## Directions
Copy every line of the data below exactly as given, except for the pictures.

## Data section
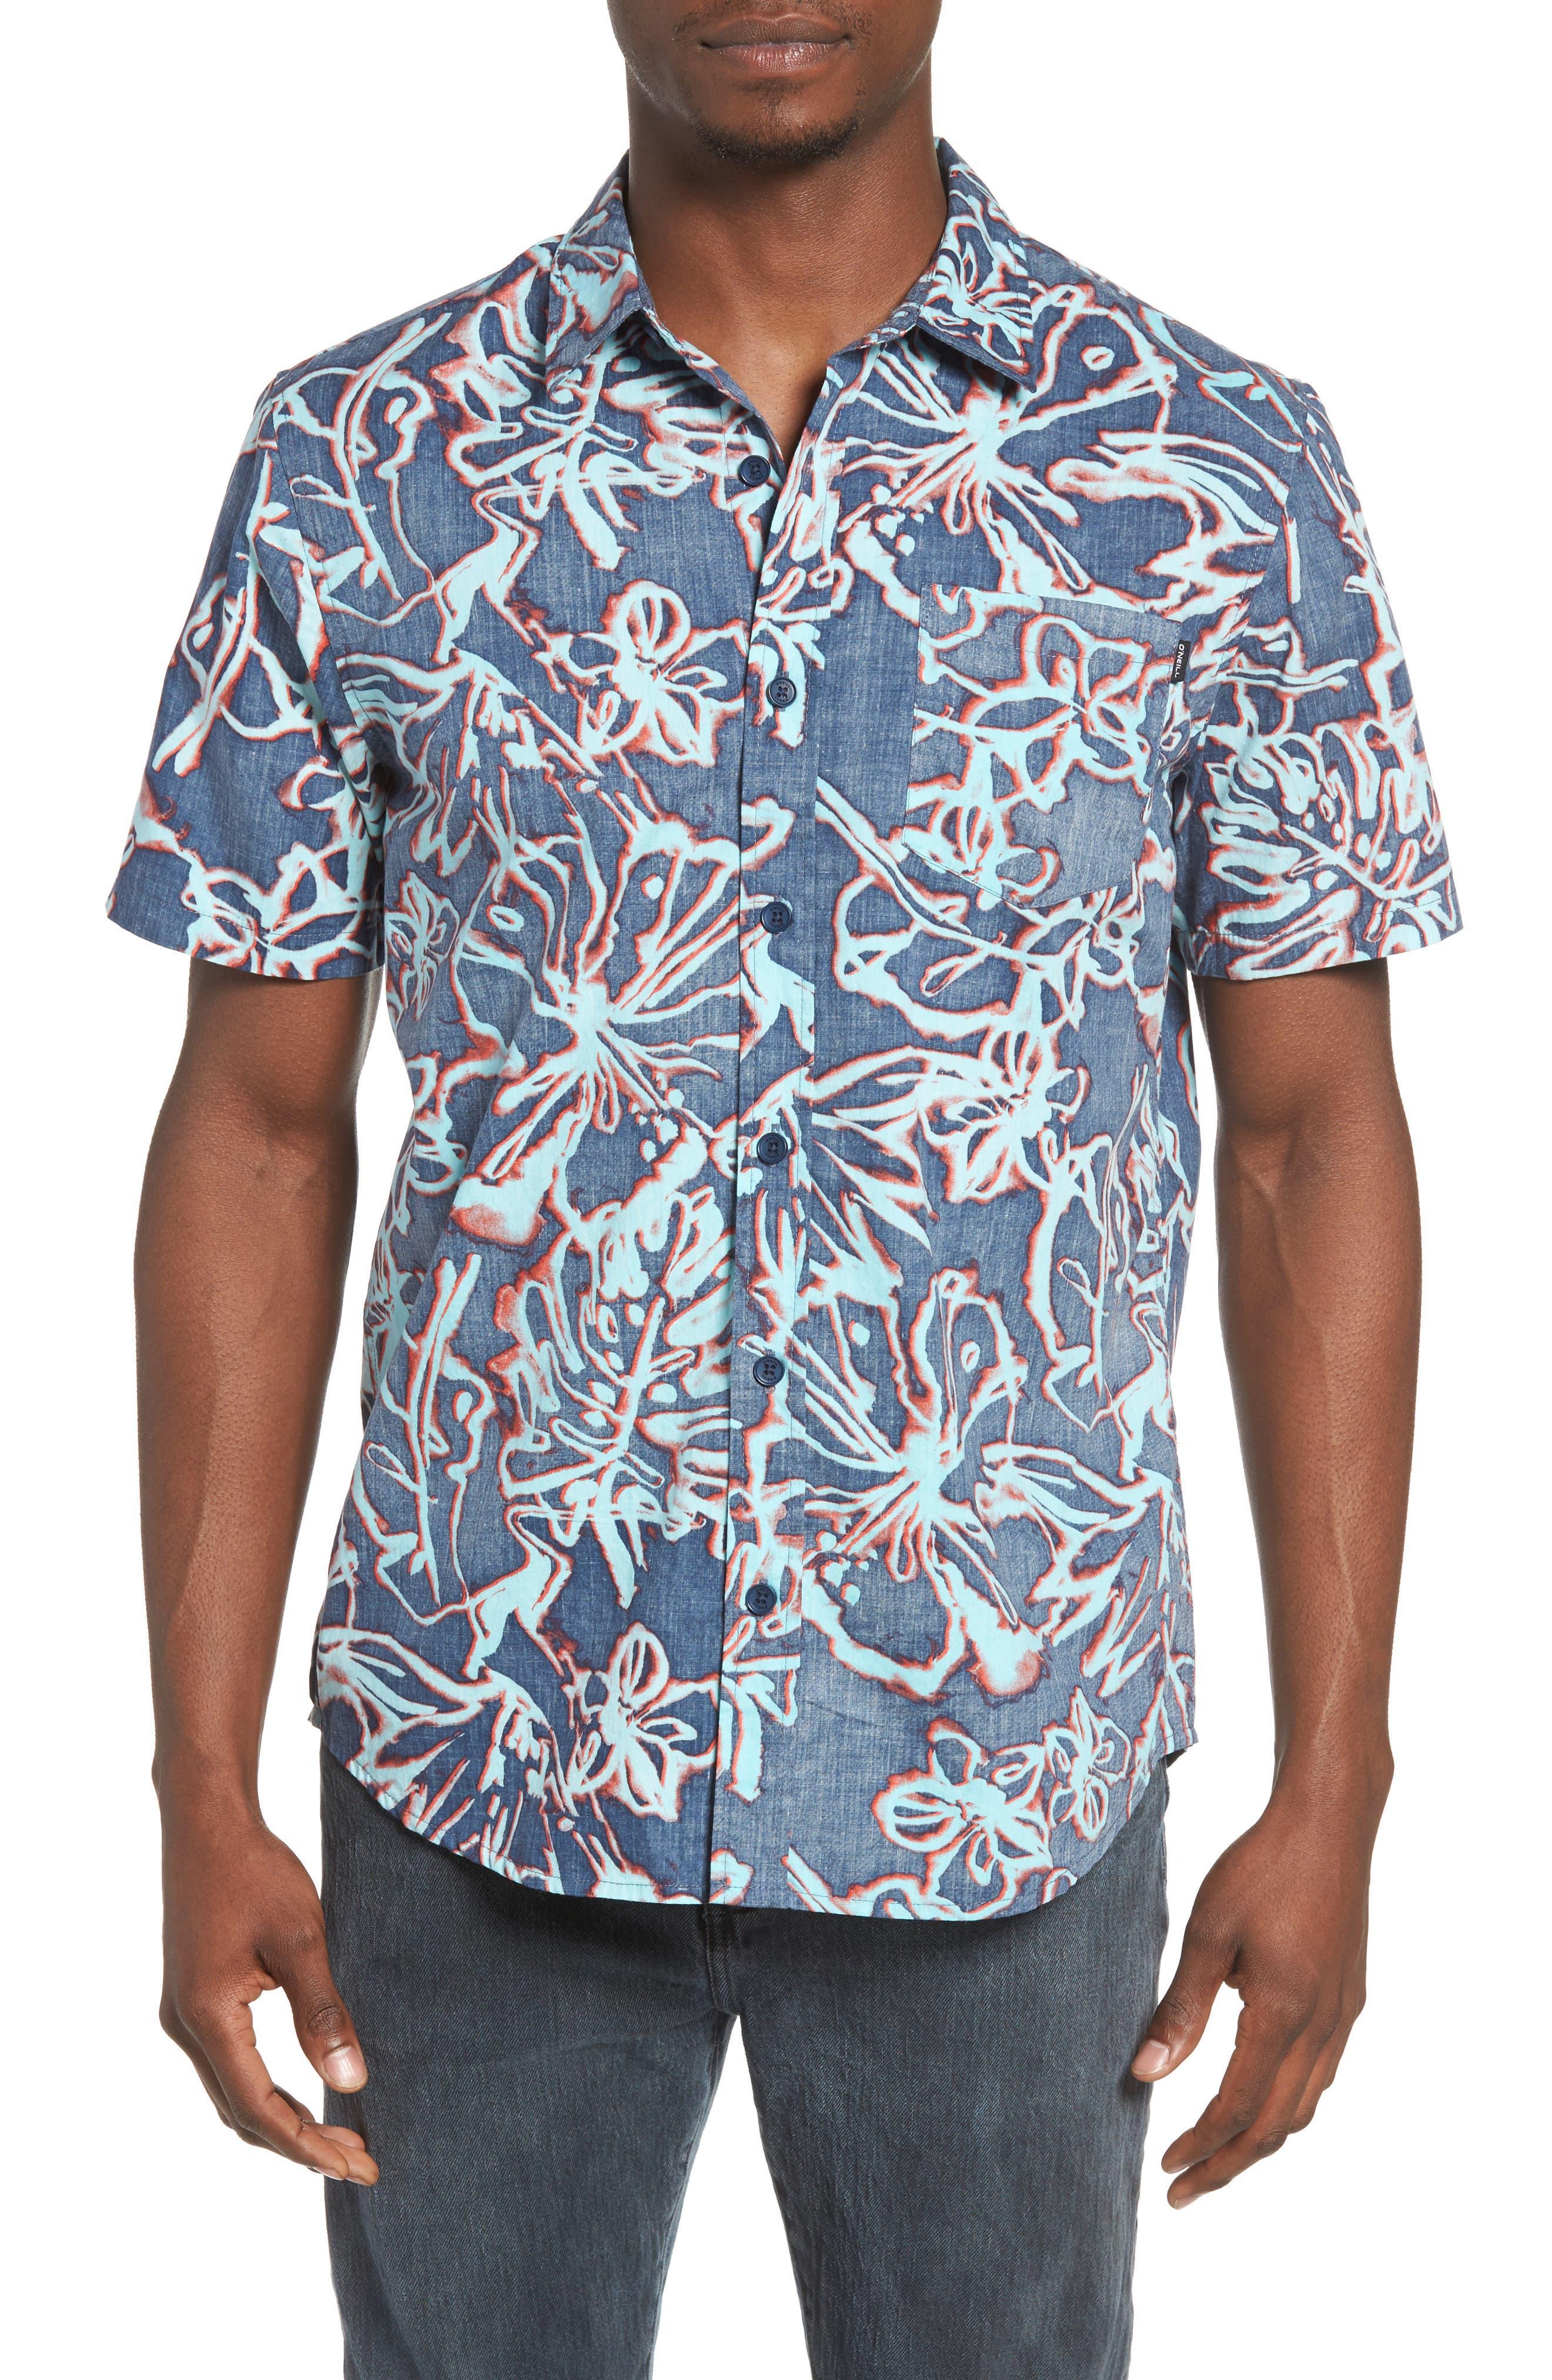 O'Neill Lanai Woven Shirt
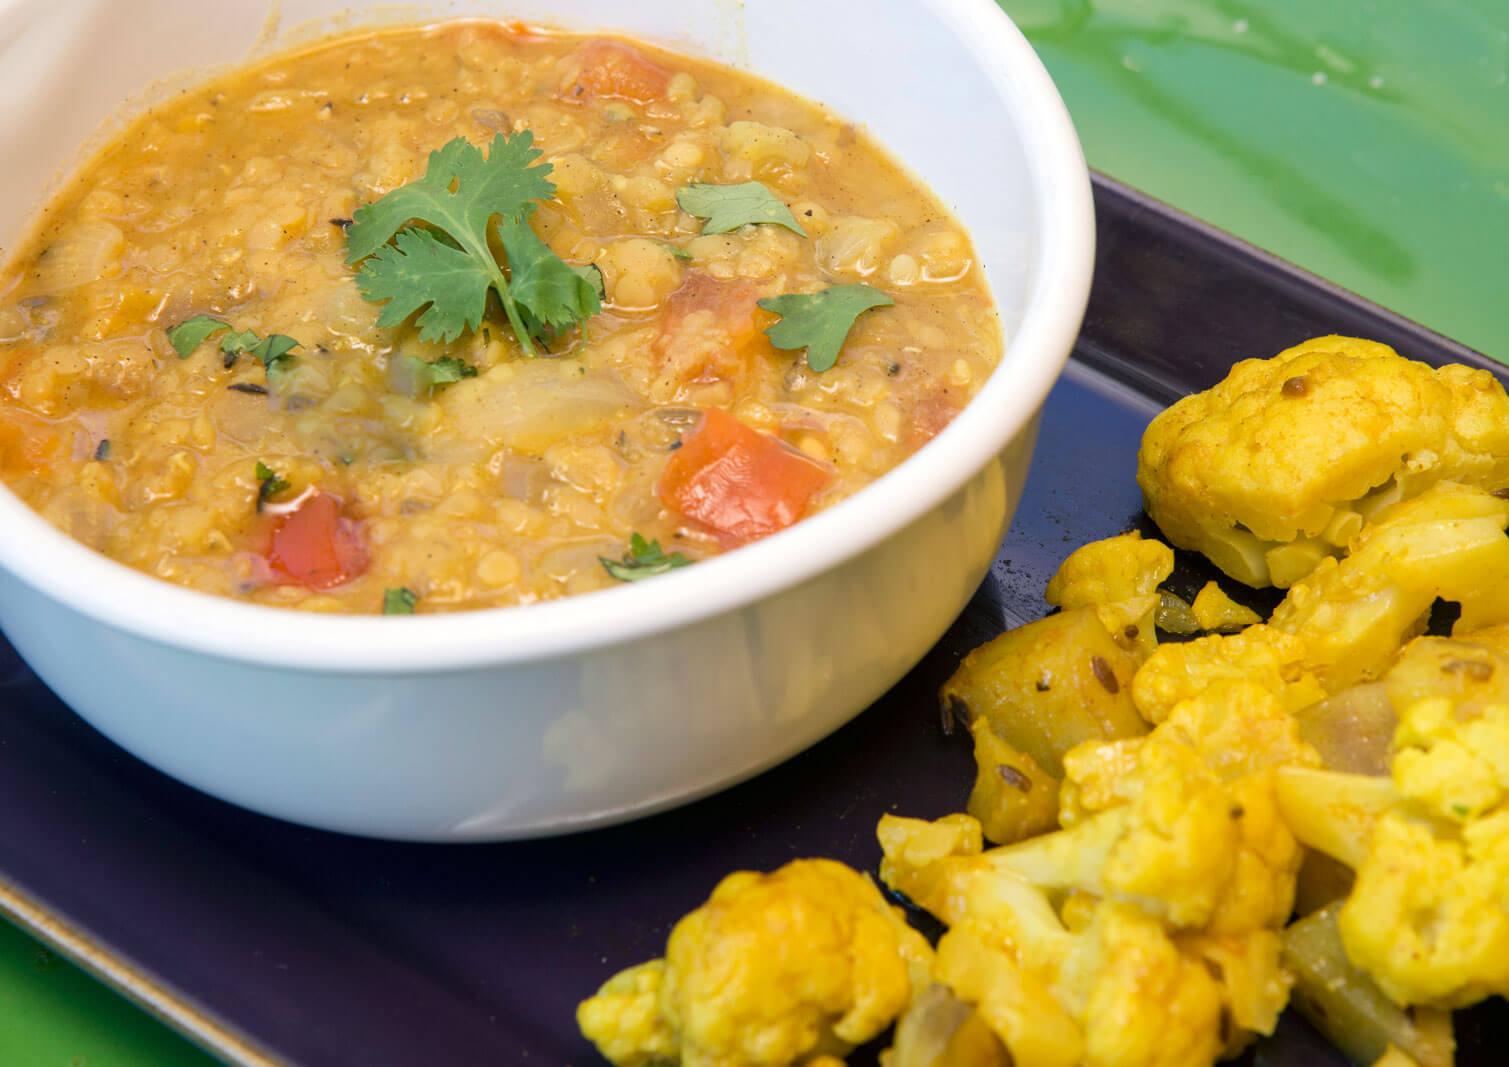 Spiced Indian Lentils
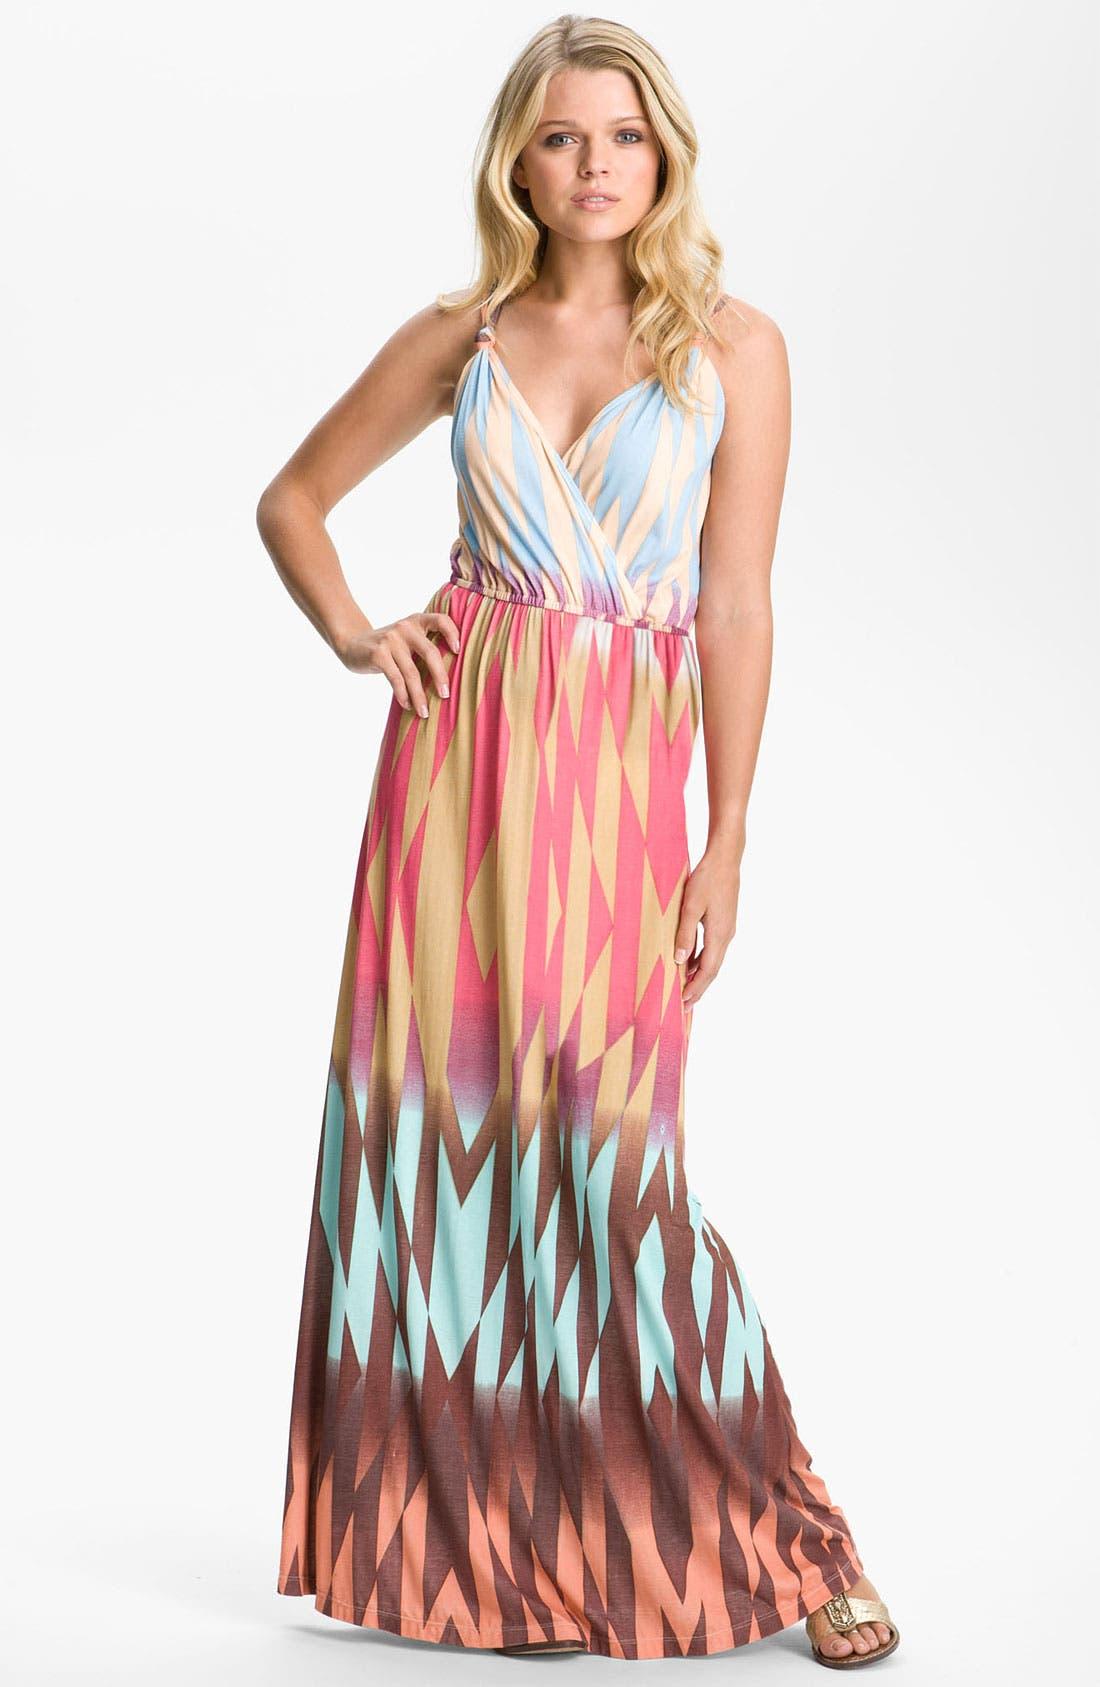 Alternate Image 1 Selected - Presley Skye Print Surplice Jersey Maxi Dress

## Answer section
 O'Neill Lanai Woven Shirt
 Spiced Indian Lentils
 Alternate Image 1 Selected - Presley Skye Print Surplice Jersey Maxi Dress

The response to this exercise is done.